Have your Say on the proposed Local Government Mergers

Public Consultation 6 May 2015 7PM, Henley Community Centre

In recent weeks, there has been a great deal of media coverage about the NSW Government’s Fit for the Future proposal which recommends widespread local government amalgamations between neighbouring Councils across metropolitan Sydney. If fully implemented, this would result in 41 Councils being reduced to 15.

The NSW Government is proposing a merger of Hunter’s Hill Council with the eastern two-thirds of Ryde, and all of Lane Cove, Mosman, North Sydney and Willoughby Local Government Areas (LGA). Hunter’s Hill Council has repeatedly affirmed its opposition to ‘forced amalgamations’ but would prefer to pursue regional collaboration and a joint service delivery organisation.

We recognise that the success of the approach depends on the extent to which individual Councils choose to voluntarily merge or enter into arrangements with their neighbouring Councils.

By 30 June this year, Council must submit a Fit for the Future response and business case to be reviewed by an independent panel. The business case must show how we can meet a series of criteria including: Scale & Capacity (with the approximate scale being 200,000-250,000 residents per LGA), Financial Sustainability, Infrastructure Management and Efficiency.
There are some key issues that Hunter’s Hill Council will be campaigning for, such as retaining local representation, heritage and a sense of community. A public campaign on the issue (‘Keep Councils Local’) has been launched by Hunter’s Hill, Ryde, Lane Cove and Mosman Councils.

We don’t want our residents to lose their voice in local government. The proposed larger LGA will have a population of over 300,000 represented by a maximum of 15 councillors. If forced amalgamations go ahead, there will be fewer councillors representing larger populations. Our current seven Councillors would be reduced to just one at the most.

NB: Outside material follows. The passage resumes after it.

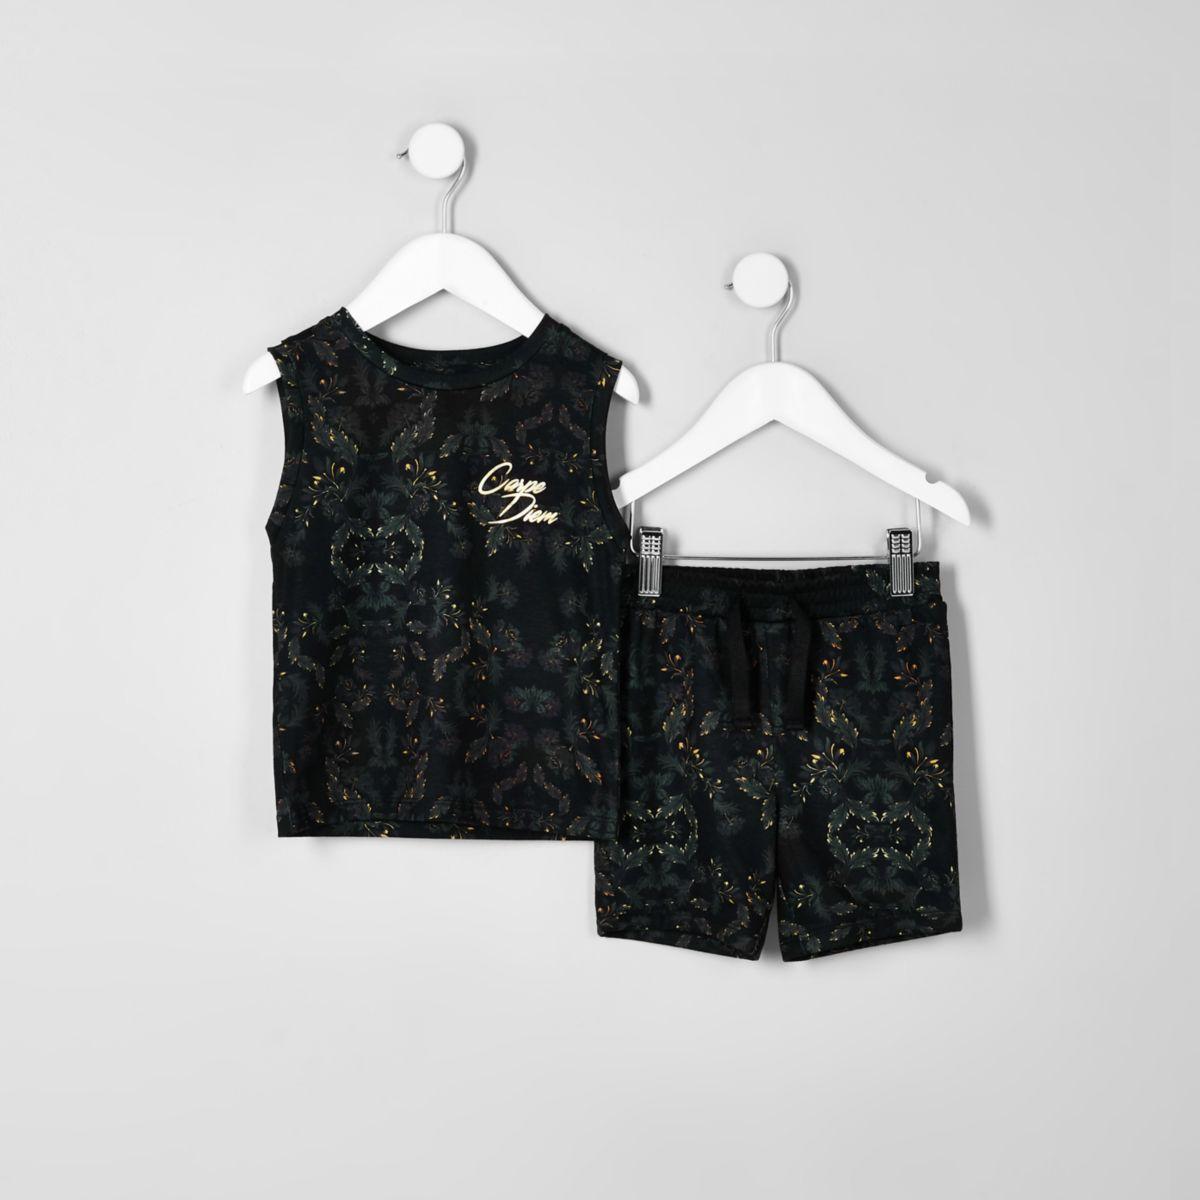 Mini boys khaki 'carpe diem' tank top outfit

The very essence of local government, namely its close connection with and responsiveness to its community, would be lost.

There is no empirical evidence to suggest that amalgamations of Councils will create financial savings, however we do want to ensure the principles of a strong financial position, efficient service delivery, a sense of community and a quality built and natural environment.

Over the coming weeks Council will seek to inform and get feedback from our local community about the advantages and disadvantages of all options Council is considering. It is equally important that we consult with our own community to determine the future of local government in our area.

I encourage you to join us at a public consultation session on Wednesday 6 May at Henley Community Centre, Crown Street, Henley commencing at 7pm. You will also be invited to respond to a community survey.